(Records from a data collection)
• • •

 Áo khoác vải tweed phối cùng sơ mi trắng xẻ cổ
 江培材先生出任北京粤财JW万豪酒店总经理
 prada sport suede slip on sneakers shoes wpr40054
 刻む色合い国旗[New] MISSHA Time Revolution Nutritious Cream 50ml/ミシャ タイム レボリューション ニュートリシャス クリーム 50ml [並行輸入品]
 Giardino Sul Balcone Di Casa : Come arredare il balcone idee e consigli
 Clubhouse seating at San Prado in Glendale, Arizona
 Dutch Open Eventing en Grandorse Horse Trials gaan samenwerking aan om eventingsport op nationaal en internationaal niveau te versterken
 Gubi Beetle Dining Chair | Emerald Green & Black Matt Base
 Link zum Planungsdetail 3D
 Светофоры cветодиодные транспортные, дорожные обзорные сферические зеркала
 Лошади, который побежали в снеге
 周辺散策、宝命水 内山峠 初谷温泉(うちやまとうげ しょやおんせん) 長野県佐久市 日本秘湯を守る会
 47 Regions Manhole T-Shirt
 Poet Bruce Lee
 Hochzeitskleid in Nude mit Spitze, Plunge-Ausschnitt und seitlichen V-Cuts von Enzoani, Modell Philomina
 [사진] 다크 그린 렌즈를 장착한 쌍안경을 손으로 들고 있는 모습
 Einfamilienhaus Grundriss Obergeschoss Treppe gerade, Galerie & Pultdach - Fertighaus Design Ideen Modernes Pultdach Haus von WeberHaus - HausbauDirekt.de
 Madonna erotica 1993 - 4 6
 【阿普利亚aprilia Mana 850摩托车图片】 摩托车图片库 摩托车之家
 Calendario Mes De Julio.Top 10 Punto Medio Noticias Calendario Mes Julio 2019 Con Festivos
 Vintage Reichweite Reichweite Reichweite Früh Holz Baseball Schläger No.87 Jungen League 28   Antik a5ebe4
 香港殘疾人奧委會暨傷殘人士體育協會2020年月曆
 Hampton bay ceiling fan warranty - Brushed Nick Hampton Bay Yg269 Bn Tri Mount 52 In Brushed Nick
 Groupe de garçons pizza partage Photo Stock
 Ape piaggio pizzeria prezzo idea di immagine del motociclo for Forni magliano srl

• • •

[Exercise prompt]
Return exactly the lines above from the line that has "Gubi Beetle Dining" through the line that has "Madonna erotica 1993 - 4 6", inclusive, and nothing else.

[Solved problem]
 Gubi Beetle Dining Chair | Emerald Green & Black Matt Base
 Link zum Planungsdetail 3D
 Светофоры cветодиодные транспортные, дорожные обзорные сферические зеркала
 Лошади, который побежали в снеге
 周辺散策、宝命水 内山峠 初谷温泉(うちやまとうげ しょやおんせん) 長野県佐久市 日本秘湯を守る会
 47 Regions Manhole T-Shirt
 Poet Bruce Lee
 Hochzeitskleid in Nude mit Spitze, Plunge-Ausschnitt und seitlichen V-Cuts von Enzoani, Modell Philomina
 [사진] 다크 그린 렌즈를 장착한 쌍안경을 손으로 들고 있는 모습
 Einfamilienhaus Grundriss Obergeschoss Treppe gerade, Galerie & Pultdach - Fertighaus Design Ideen Modernes Pultdach Haus von WeberHaus - HausbauDirekt.de
 Madonna erotica 1993 - 4 6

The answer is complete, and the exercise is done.